Wednesday, February 22, 2012

Ash Wednesday

I'm hungry.

And not just because it's Ash Wednesday and I've been fasting. No. I feel like I woke up from hibernation ravenous, except my stomach is my soul. There's no other way to explain it. You know how when you've been sick with a long illness and you just sort of get used to it, and then suddenly you're well and you realized just how badly it sucked to be sick? Sort of like that.

I don't really think I was sick, necessarily. I think I got complacent. It can happen to any of us about anything, and without really thinking. We fall off the diet wagon, stop our good habits. Often, it's something sudden and jolting that makes us stop and look at our feet and realize we weren't really paying attention to the path. For me, I had sat on my spiritual laurels for too long. I had assumed that at one point in my life I had worked everything out in my head and my heart, so I was good. I didn't really need to keep practicing at it, keep searching. I was done. I could go on and just live life now.

Except faith isn't like that. Faith is endless.

I was reminded with some reading earlier this week that God, like all the things he is compared to - Love, Beauty, Truth - is completely unending. Totally infinite. And I realized that I had limited myself. I had told myself that what I had done was good enough, that where I was was fine. And it is fine. But there's more....so much more. I was barely scratching the surface of faith, and I thought it was a meal.

I spent a lot of time over the last month feeling disheartened and a little beat up over many things - the state of the world, my microscopic chance to make any lasting sort of change in it. I fell into what can best be described as a spiritual depression. Then, in the desperation of a convert, I reached out and felt a hand, and heard a voice.

It said, "Come with me. I want to show you something."

And I followed.

So now, I have book lists, and prayer lists, and things to write and look up, philosophers and theologians and saints. I'm sitting at a banquet, one that was always available to me. And the more I read and the more I pray, the more I see the beauty, and the truth, and the love that's there. Infinity.

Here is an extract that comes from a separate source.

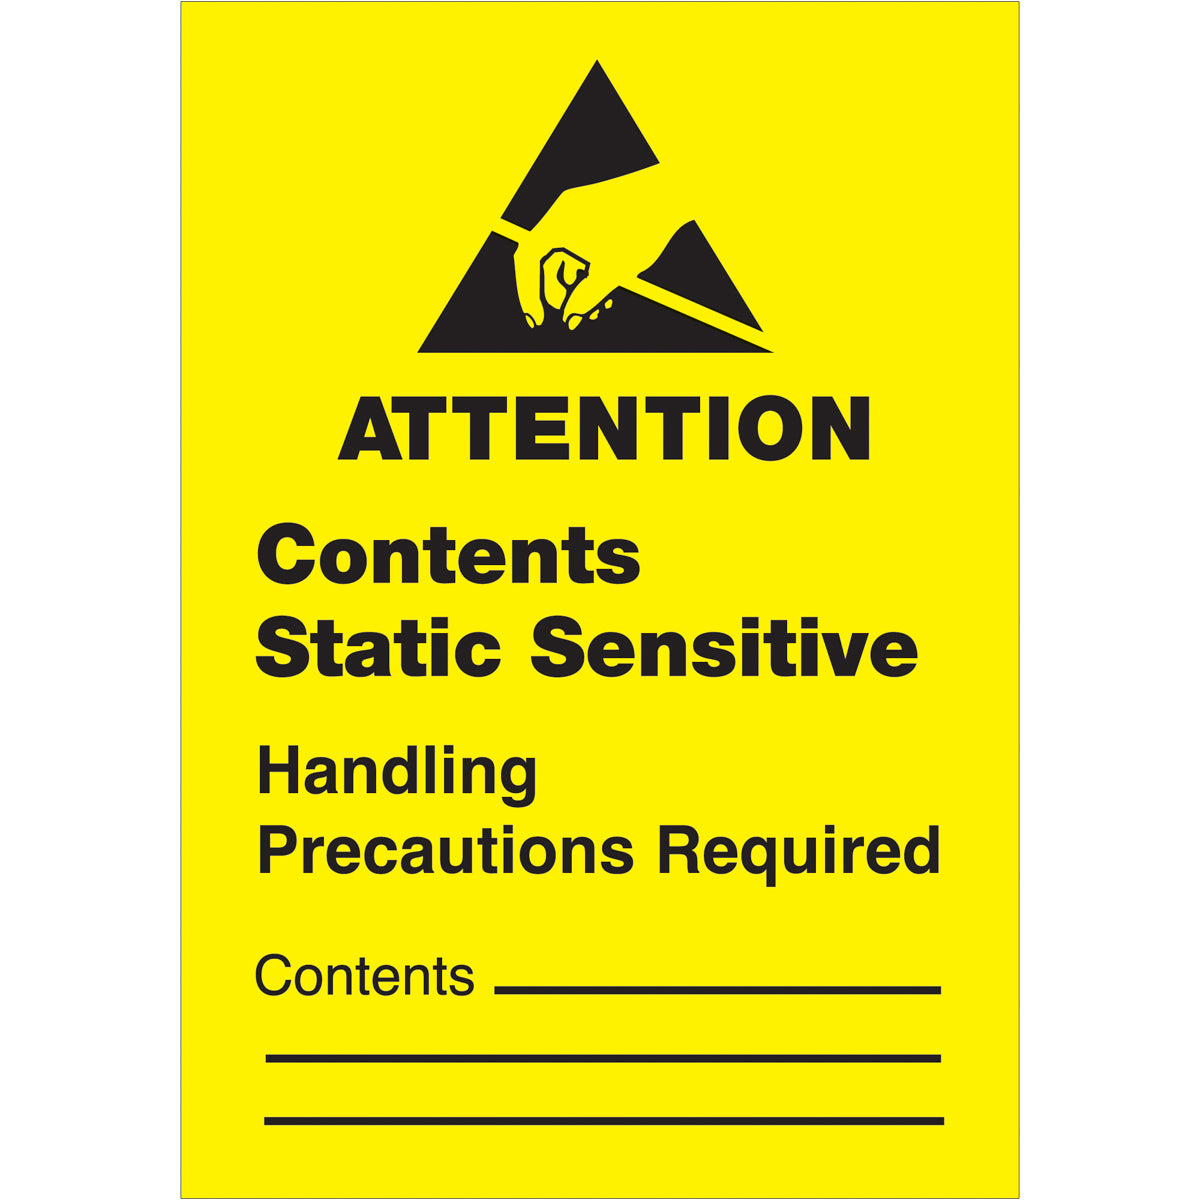 Attention required. Наклейка attention static. Attention contents static sensitive. Antistatic static sensitive. Caution electrostatic sensitive devices.
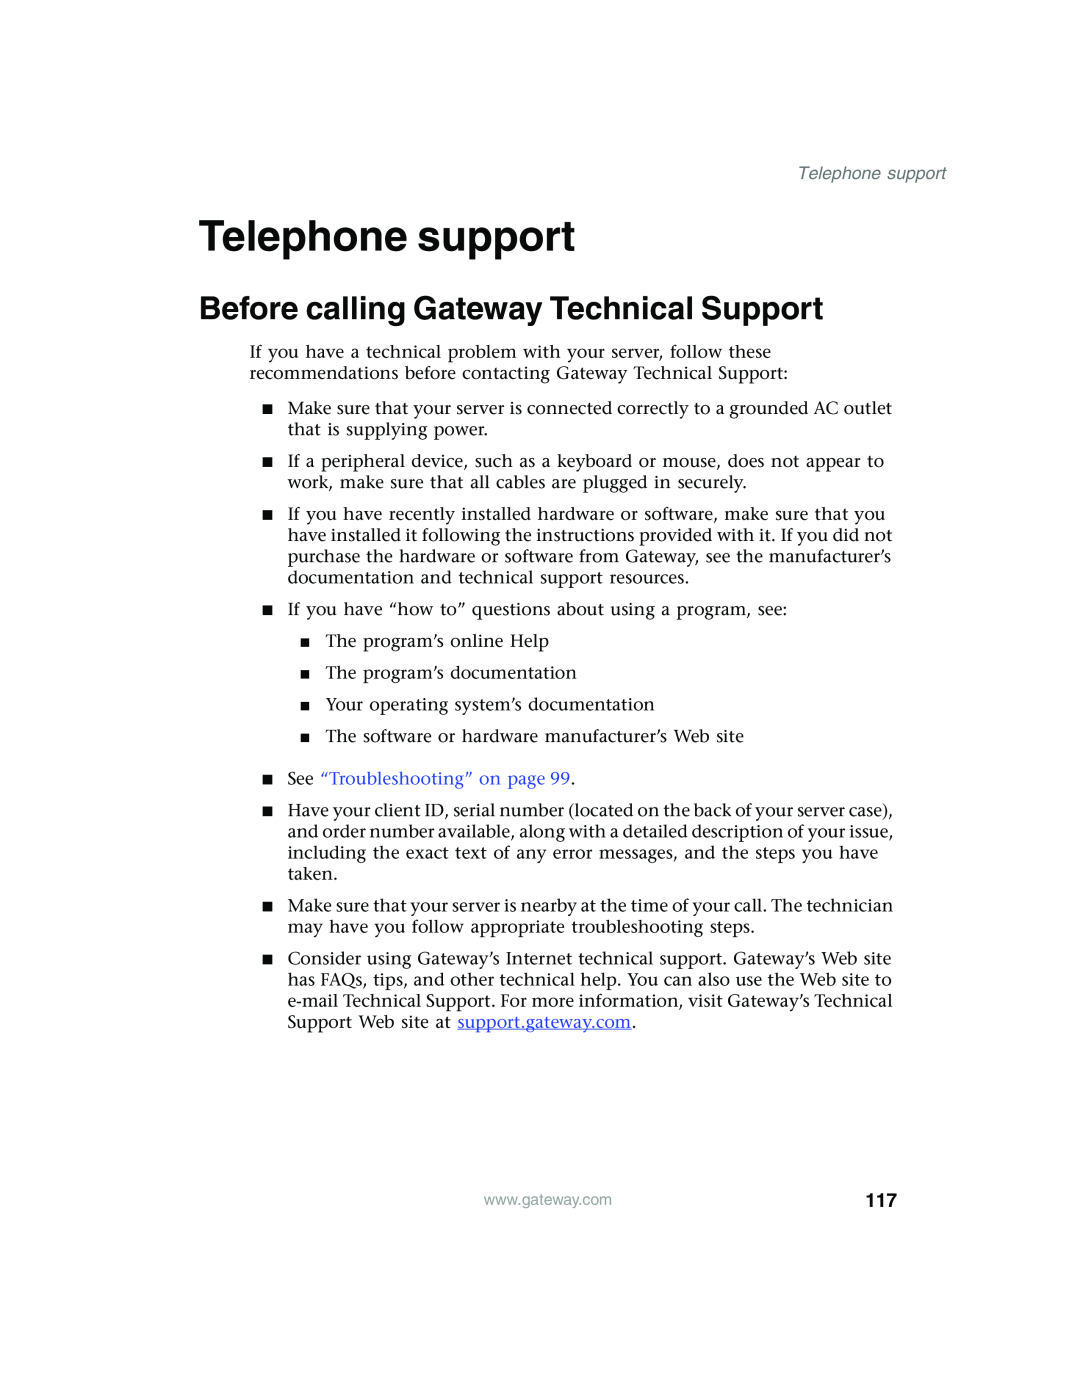 Gateway 960 manual Telephone support, Before calling Gateway Technical Support, See “Troubleshooting” on page

I realize that to some this may sound extreme. After all, most of you know me already as a pretty devout Catholic. Not necessarily a good one, and I don't expect that will change much. But that's the wonderful thing about it that I found in these last few weeks. Conversion is a continual turning toward God, because there is always more turning to do. As C.S. Lewis writes in The Last Battle, there is always the call of Aslan the Lion, "Further up and further in!"

I plan to write a bit more about my faith journey here, especially as it intersects with the other areas of my life that I write about more often. In looking back at this blog, it becomes apparent that while I may have thought a lot about faith as a general principle, I didn't do a great job of exploring its daily application. I'm hoping that during this Lent I can work on changing that, both by walking the path more intentionally and by reflecting on it in my writing.